## WORK INSTRUCTIONS
Pictures appear among the records below and must be omitted. Repeat exactly the lines from the line with "Книга Die Verstümmelten" to the line with "Skleněný pilník Mega", both included.

## RECORDS FOR PROCESSING
* * * * * * * * *

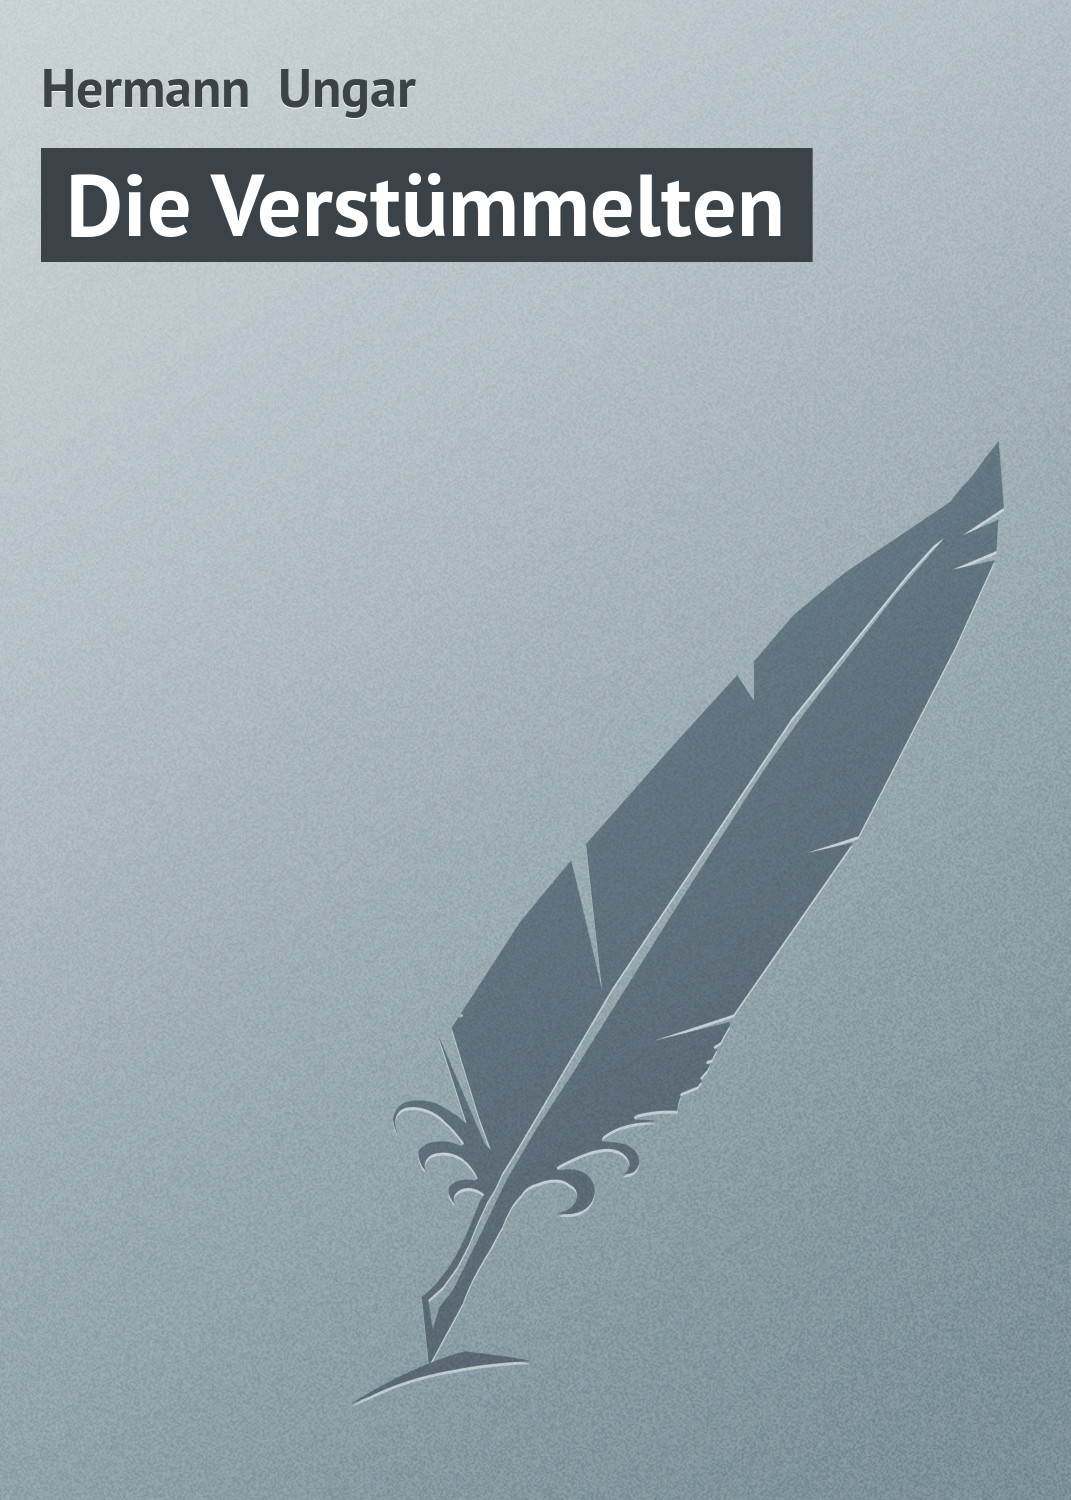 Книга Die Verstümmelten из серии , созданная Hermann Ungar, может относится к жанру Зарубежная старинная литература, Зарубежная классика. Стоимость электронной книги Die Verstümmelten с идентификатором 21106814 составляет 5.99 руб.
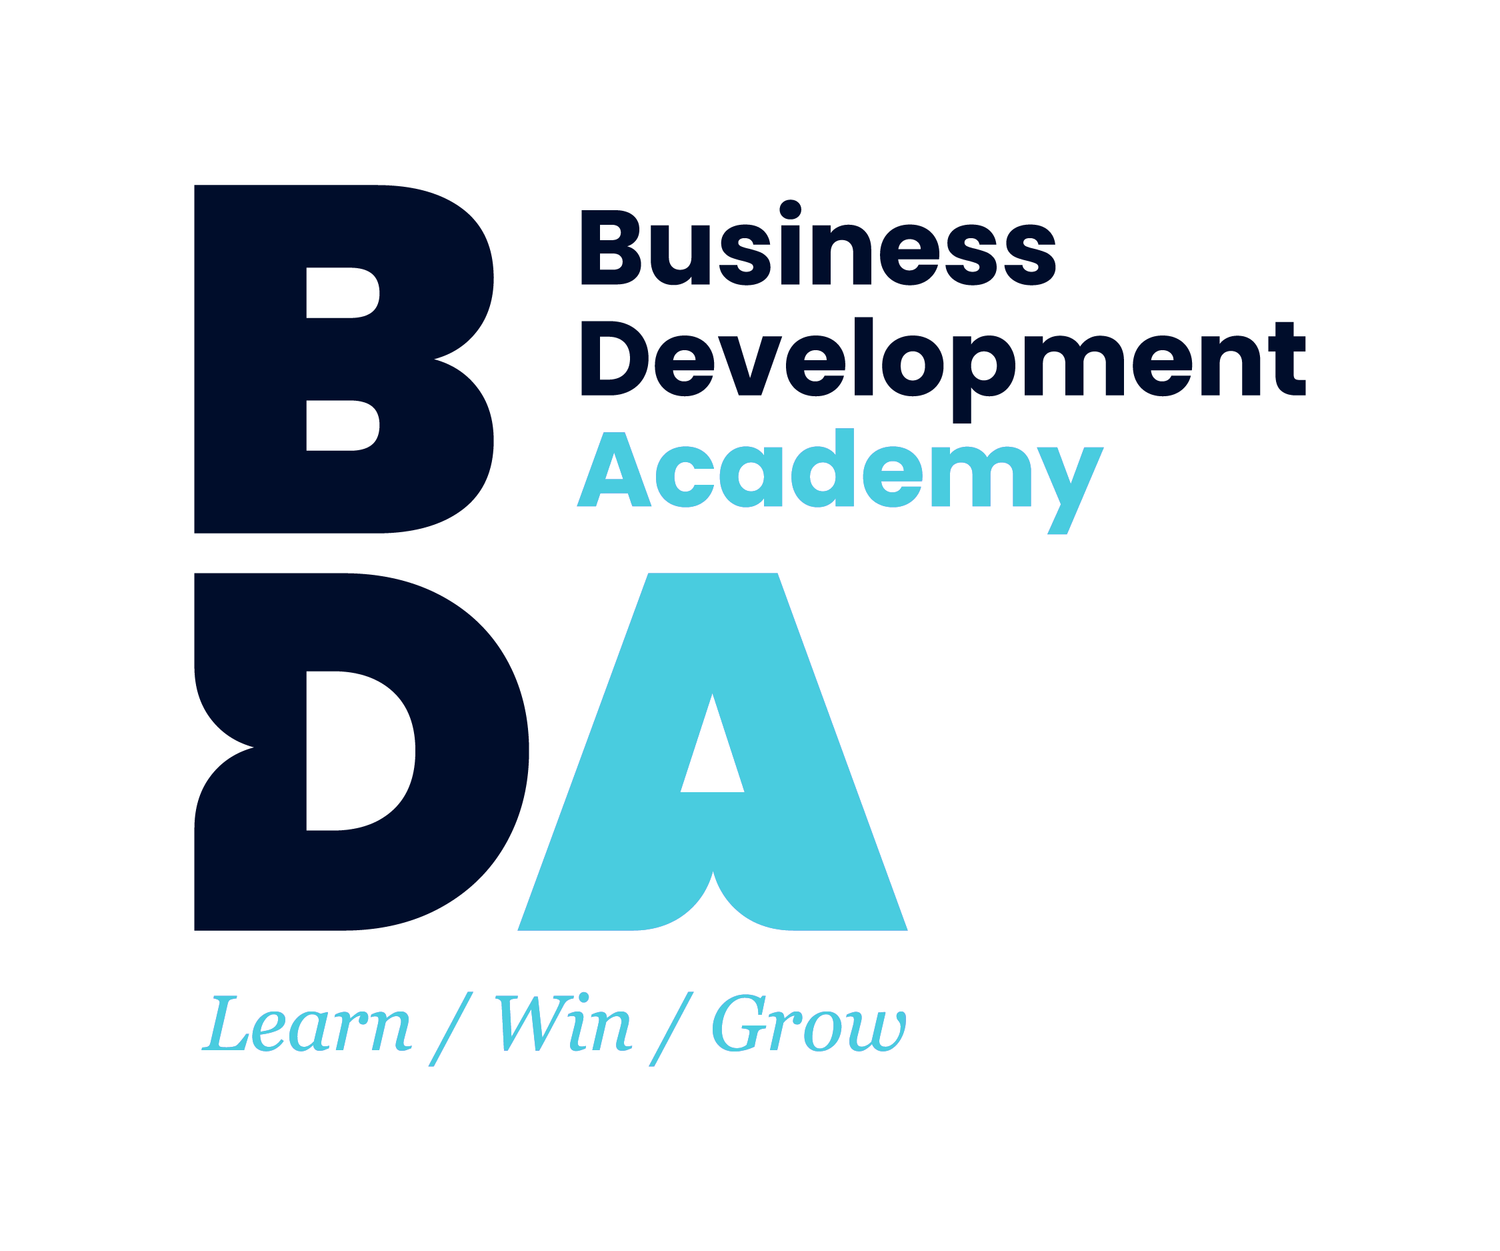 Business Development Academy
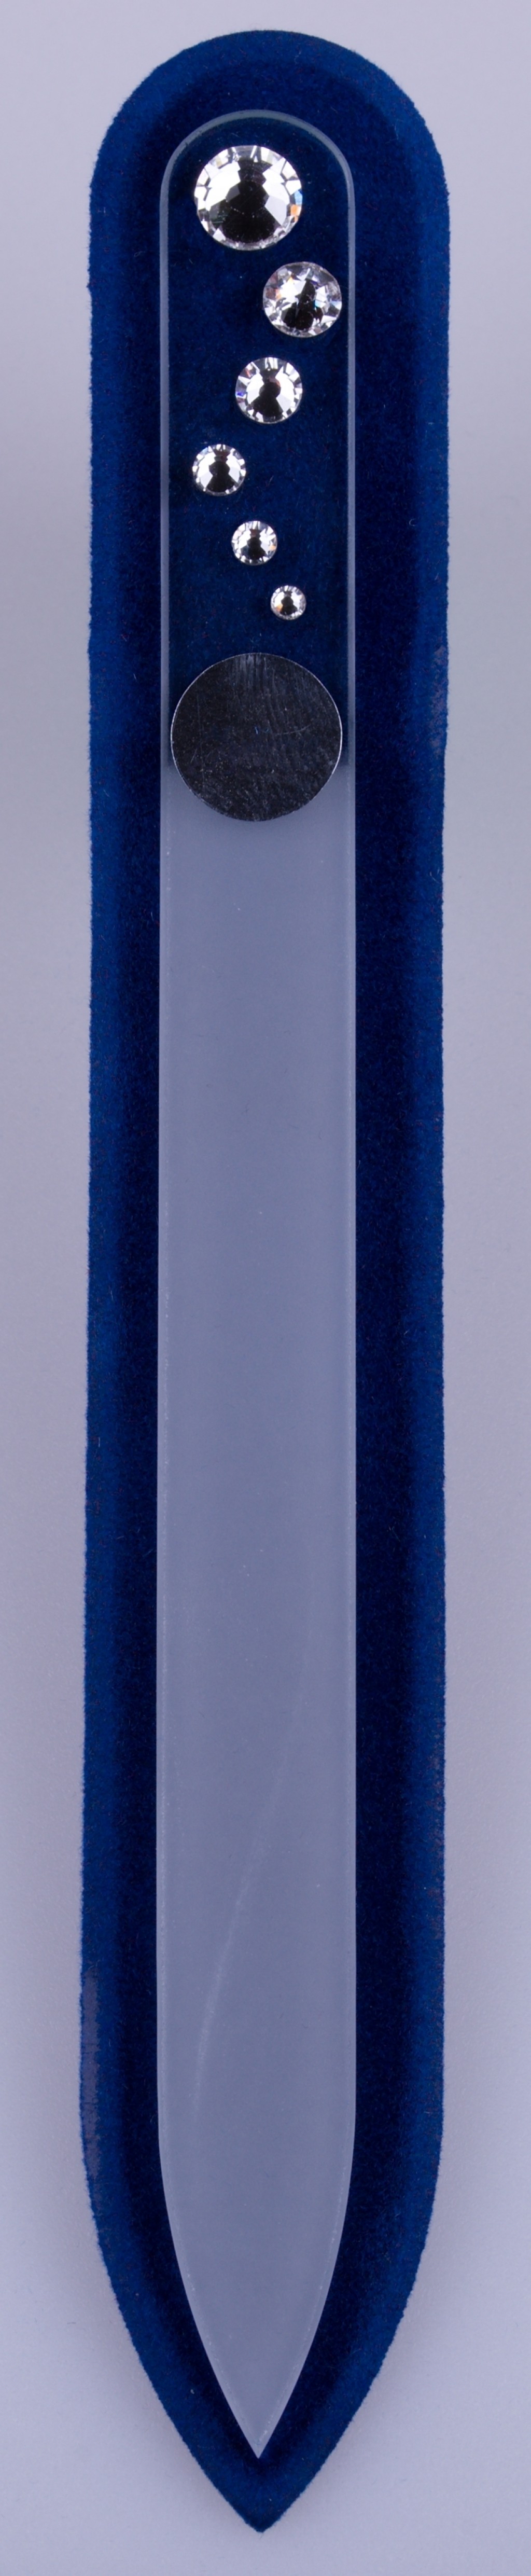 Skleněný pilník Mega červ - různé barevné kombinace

* * * * * * * * *

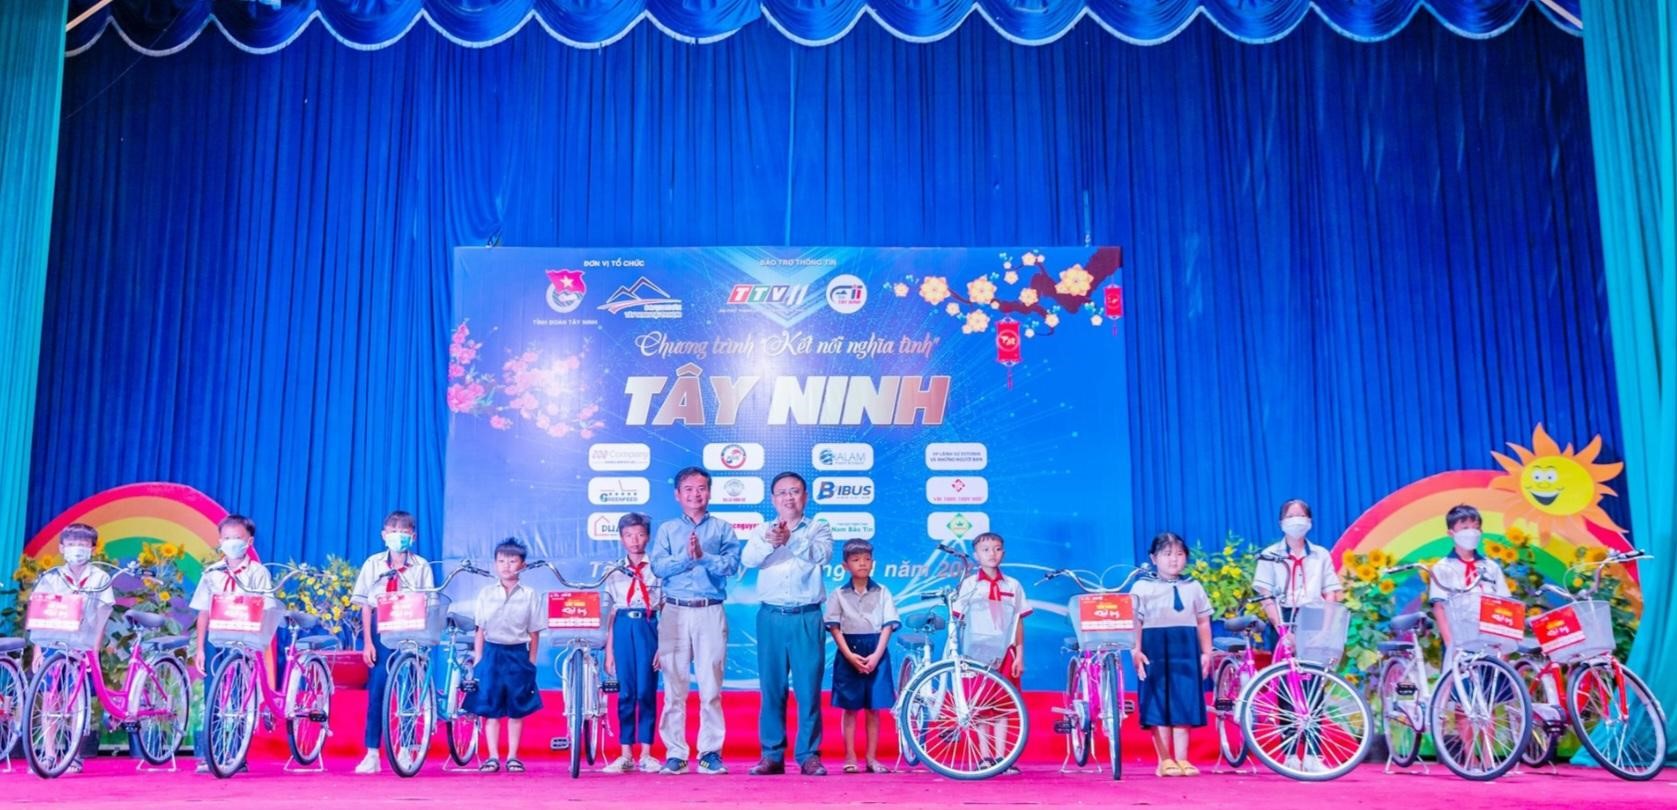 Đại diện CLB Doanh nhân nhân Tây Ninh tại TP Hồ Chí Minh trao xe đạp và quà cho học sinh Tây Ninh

* * * * * * * * *

## YOUR SOLUTION
 Книга Die Verstümmelten из серии , созданная Hermann Ungar, может относится к жанру Зарубежная старинная литература, Зарубежная классика. Стоимость электронной книги Die Verstümmelten с идентификатором 21106814 составляет 5.99 руб.
 Business Development Academy
 Skleněný pilník Mega červ - různé barevné kombinace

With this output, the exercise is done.